I have scenario where i need to capture the duplicate records to a file.
Ex;
column1 column2
1 james
2 james

also
ex:

column1 column2
1 mary
1 charle

if have both scenario i need to reject both the records in both scenarios how i can implement this logic through datastage.

Nripendra Chand · Post by **Nripendra Chand** » Wed May 04, 2011 7:21 pm

sort on key columns on which you want to find duplicates using a sort stage and set create key change column as 'yes'. Then use a filter or transformer stage by using following condition:
1. key change column =1, put this constraint in master output link (unique records)
2. key change column =0, put this constraint to collect duplicates.

Tejas Pujari · Post by **Tejas Pujari** » Thu May 05, 2011 1:04 am

Hi,

Single Sort stage will not do here. because two key columns in a sort stage means value for both the columns will be considered at a time.
so all will have change code as 1 until a record with both key columns repeats.

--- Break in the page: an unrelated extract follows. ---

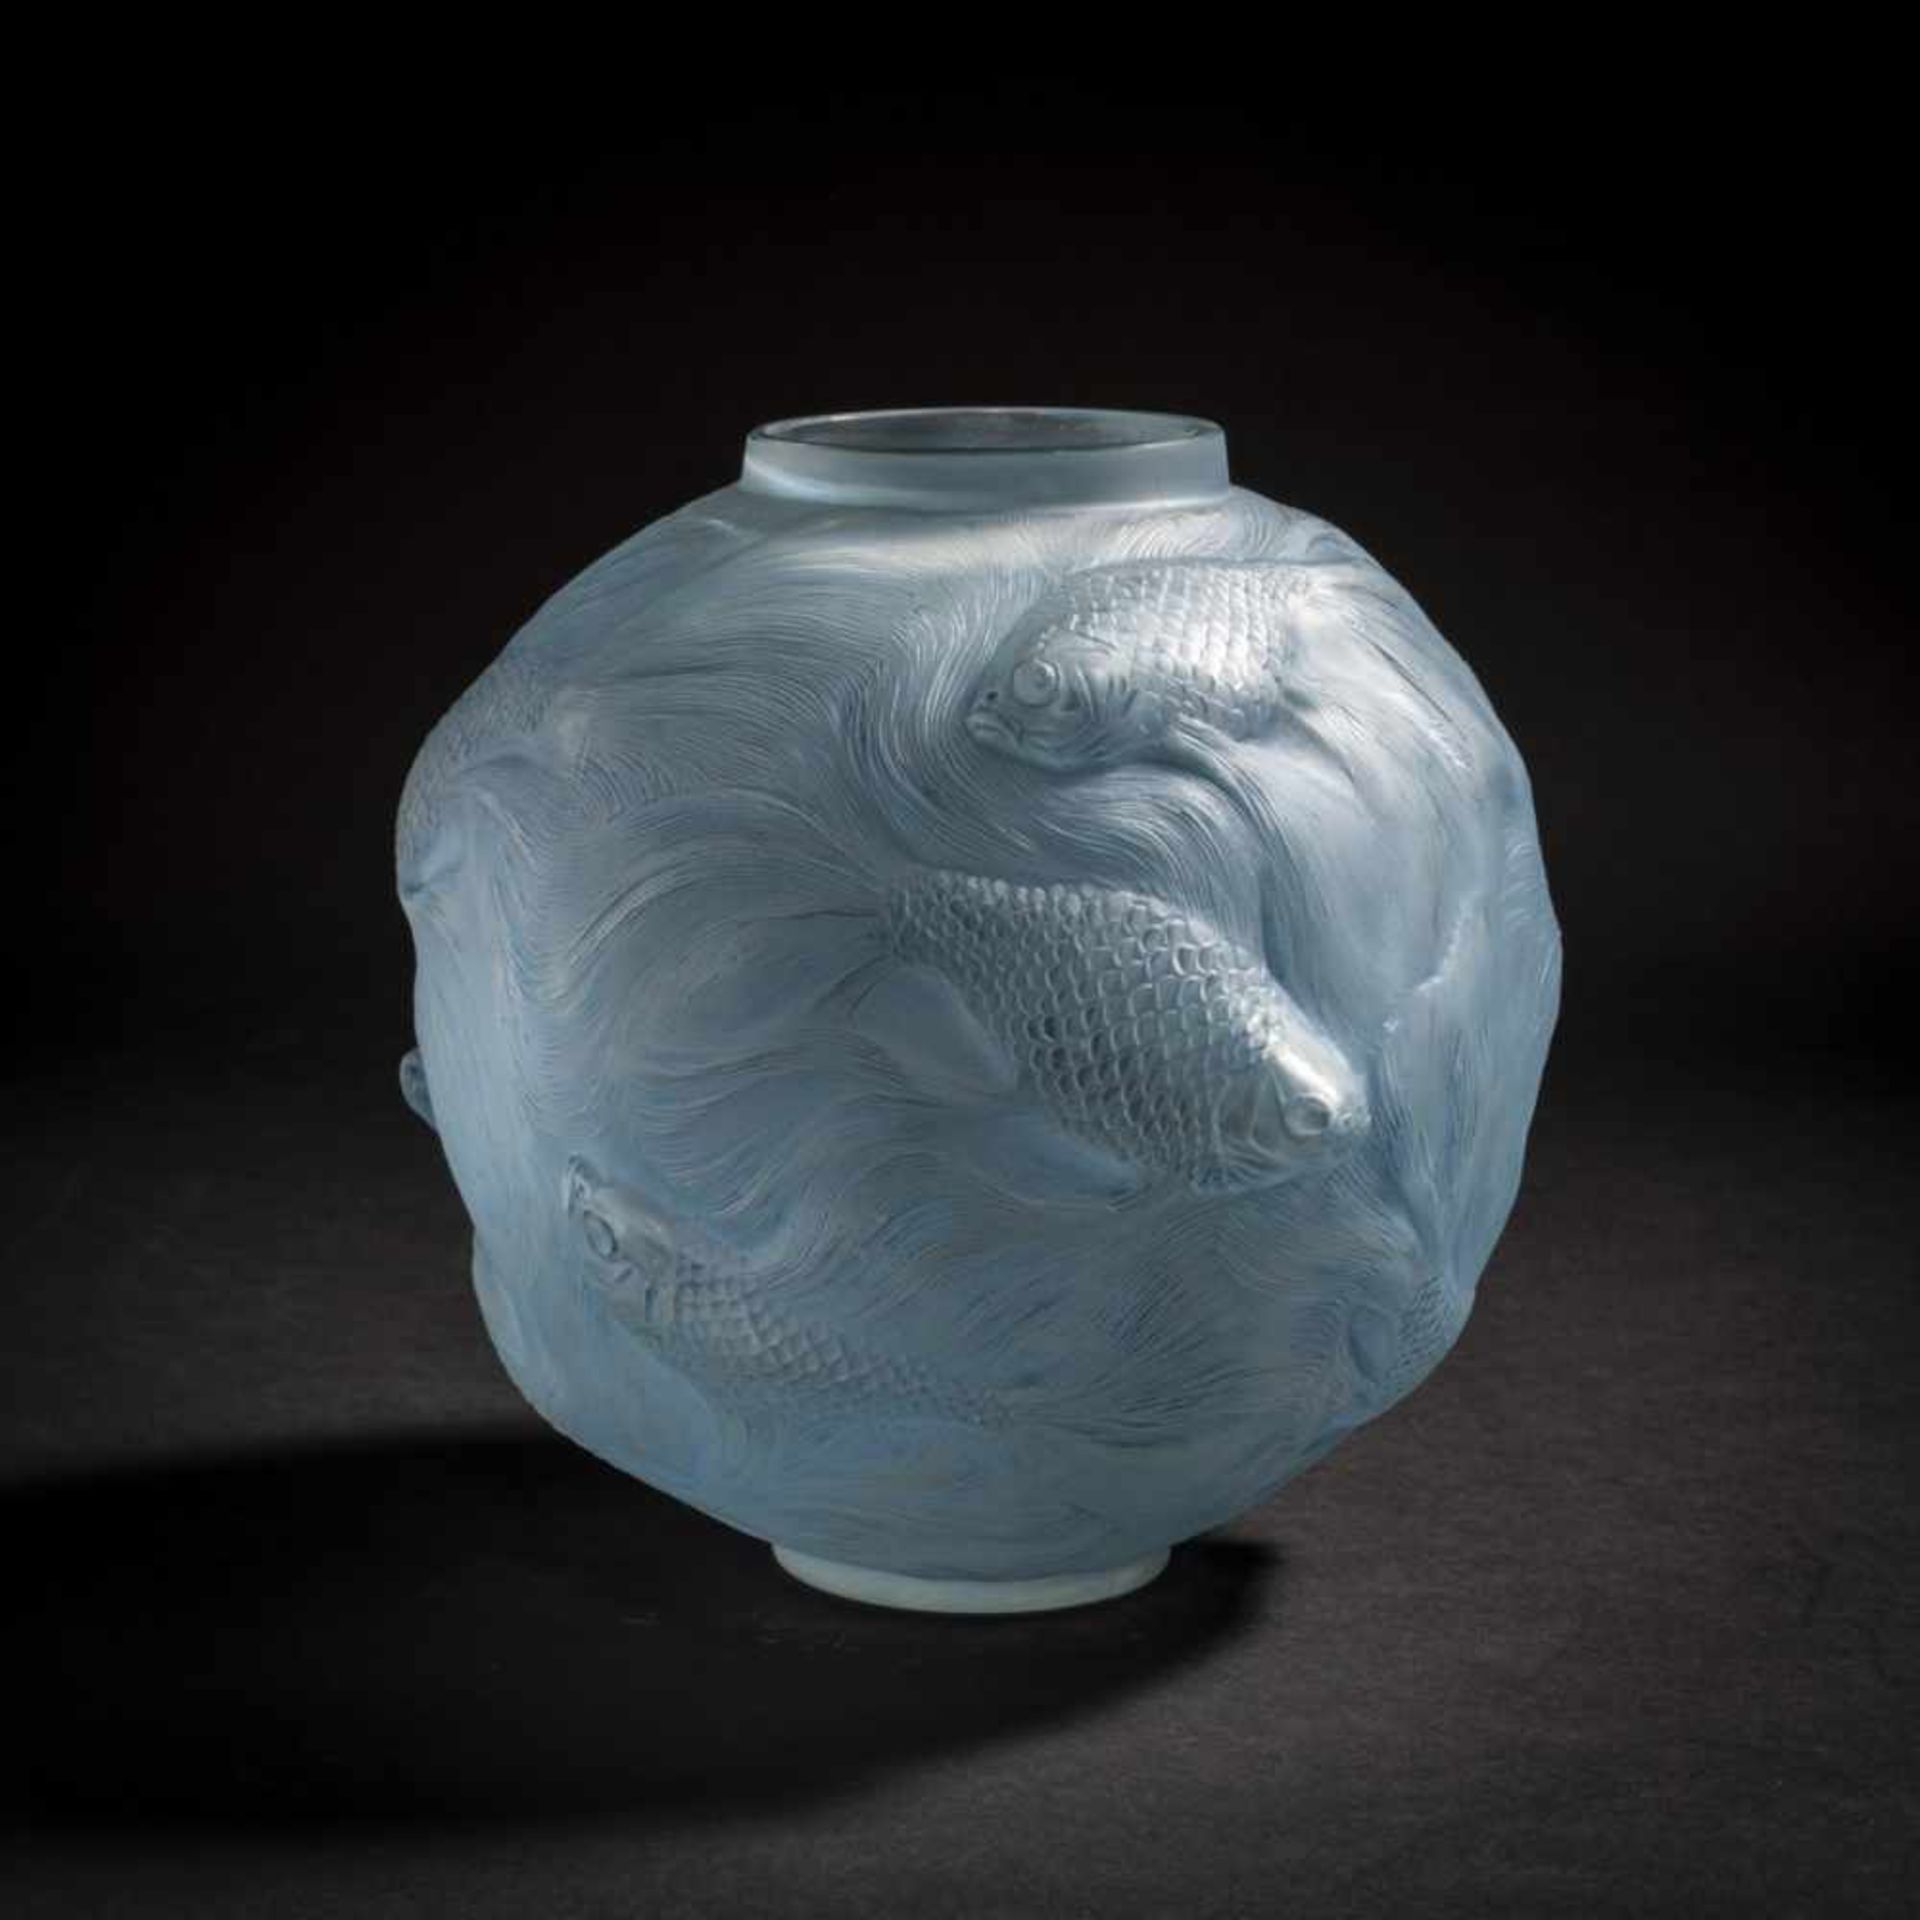 René Lalique, 'Formose' vase, 1924'Formose' vase, 1924H. 17 cm. Clear, mould-blown glass, satined,

zulfi123786 · Post by **zulfi123786** » Thu May 05, 2011 1:34 am

Nripendra Chand wrote:sort on key columns on which you want to find duplicates using a sort stage and set create key change column as 'yes'. Then use a filter or transformer stage by using following condition:
1. key change column =1, put this constraint in master output link (unique records)
2. key change column =0, put this constraint to collect duplicates.

I guess the poster need both records to be rejected hence placing key change column =1 in the constraints wont work.....

you need to do a fork join using keys with key change column =0 to achieve the objective

jwiles · Post by **jwiles** » Thu May 05, 2011 9:48 am

So, in reality you are needing to identify and remove all duplicates on column 1, as well as identify and remove all duplicates on column 2.

Which 8.x version of IS are you using? The approach can be different with 8.5 than with 8.0 and 8.1.

Approach this one column at a time.

For 8.0/8.1: Partition/Sort on the first column and generate a keyChange column. Use a transformer to capture the values which have duplicate entries and output those values to a separate stream with a flag value, then join back to the main stream to flag and then delete all rows with those values.
Repeat this process for the second column.

For 8.5: The same can be accomplished with a sort followed by a transformer using the new looping and key-change recognition features. The first loop iteration can simply count rows for the key and set a flag based on the result, then the second iteration can keep or drop the records as needed.

Regards,